Выбрать главу

Кроме угроз и репрессий, нацисты пытались укрепить свое господство в Нидерландах и с помощью марионеточных институций, например подотчетных им «гильдий» или «палат» для творческих профессий, профашистских органов печати. Такой институцией для еврейской части населения был Еврейский совет, служивший, по сути, рупором и рычагом антиеврейской политики оккупантов. Вполне уважаемые в еврейской общине люди, возглавившие этот совет, таким вот легальным образом покупали себе жизнь и свободу. Приведем выдержку из весьма характерного документа Еврейского совета: «Амстердам, 29 апреля 1942 года. Со следующей субботы каждый еврей должен носить так называемую еврейскую звезду. Эти знаки отличия распределяются Еврейским советом. Каждый имеет право получить не более четырех звезд одновременно. Цена — четыре цента за штуку. Объявление о том, где нужно носить звезду, опубликовано в ежедневной прессе. С уважением, председатели Еврейского совета Амстердама А. Ассер, профессор Д. Коген». И люди, обманутые благообразной вывеской этого учреждения, верили ему, наивно полагая, что оно защищает их интересы. Выразительная иллюстрация к этому — эпизод «Звёзды» из «Горькой травы».

Писательница Марга Минко оплакивает, что называется, сухими слезами трагический удел нидерландских евреев под фашистской пятой. Но этим содержание ее творчества не исчерпывается. Произведения Марги Минко будят сочувствие к узникам любой другой страны, подпавшей под чужеземное иго, будят ненависть к войне как к противоестественному состоянию человеческого общества. Война поражает первичную клеточку общества — семью, рвет интимные связи людей, взбаламучивает низменные инстинкты… Писательница никому не ставит оценок за поведение, не формулирует философских выводов, она пишет обыкновенными словами о самых обыкновенных людях, но в этой кажущейся обыкновенности кроется всечеловеческий подтекст, символика вневременных обобщений.

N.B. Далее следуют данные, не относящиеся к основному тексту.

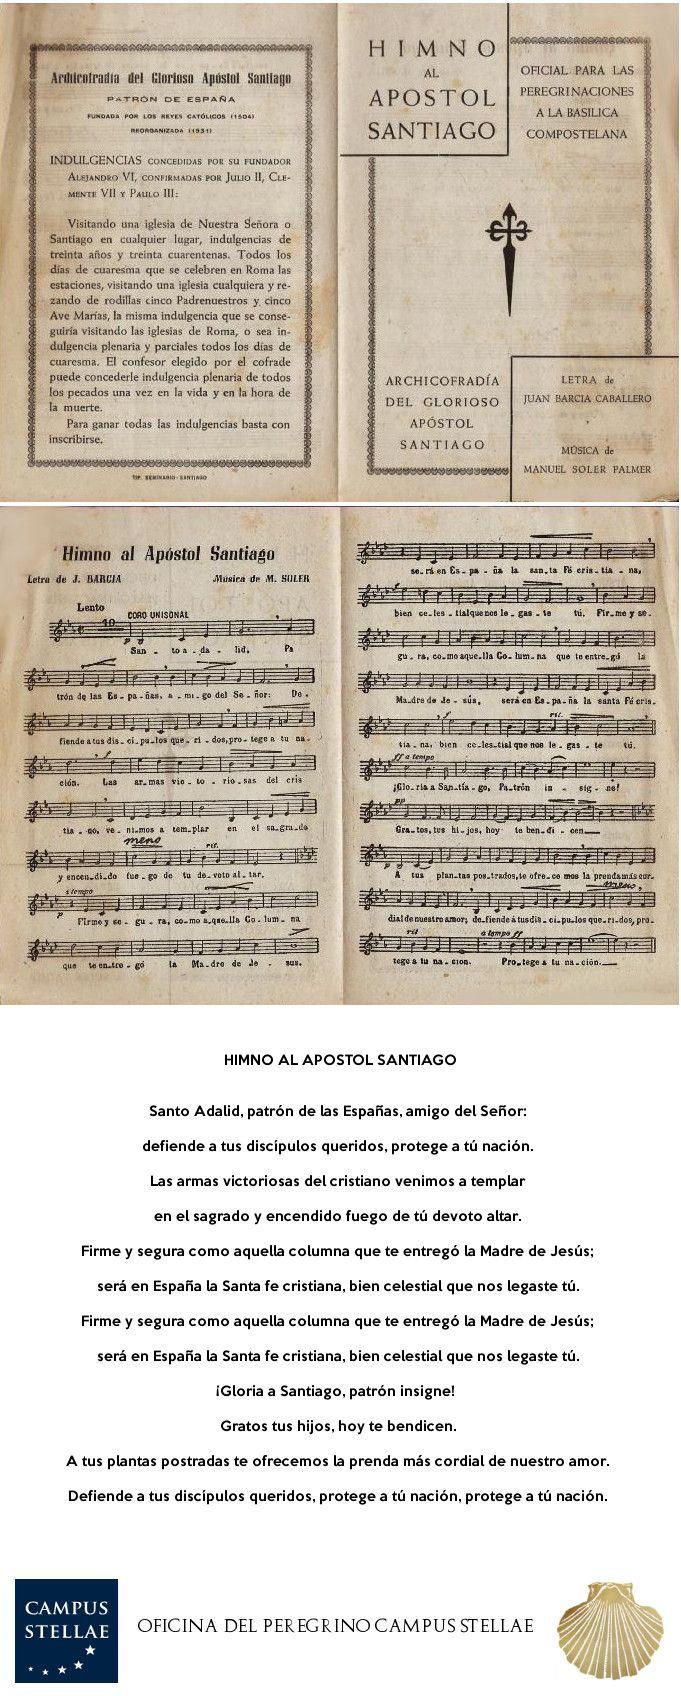 Himno de Santiago Apostol   Anthem   Hymne   Centro del Peregrino CAMPUS STELLAE   Santiago de Compostela   Consigna   Left Luggage   http://www.oficinaperegrinocaminosantiago.com/

«Назвать отчаяние по имени — значит его преодолеть», — сказал Альбер Камю. Марга Минко поднимается на высоты всечеловеческого, потому что нашла в себе силы преодолеть собственное отчаяние и выстрадала мудрость увидеть общую драму за строками собственной биографии. Война отняла у юной Сары Менко все, что было ей дорого: отчий кров, родных, любимое дело. Прошли годы, пока перегорела боль утрат и никому не известная журналистка Марга Минко почувствовала себя вправе говорить от имени множества подобных себе, от лица своего народа и времени. Но ее сфера не монументальная живопись, а бытовая миниатюра — акварель, карандаш, излюбленный жанр — портрет в интерьере. Только интерьер в ее рассказах зачастую — чужой угол, где скрывается преследуемая героиня «Горькой травы» и «Стеклянного моста», либо пустой дом, откуда всех забрала СД, а портрет — фотография погибшего мужа, которую тайком берет с собой на прогулки Фрида Борхстейн в повести «Падение». Великолепная рассказчица — взять наугад хотя бы описание Ленелстраат после облавы в «Горькой траве», — Минко никогда не впадает в самогипноз, самолюбование, скупа на слова, эмоции, жесты, детали.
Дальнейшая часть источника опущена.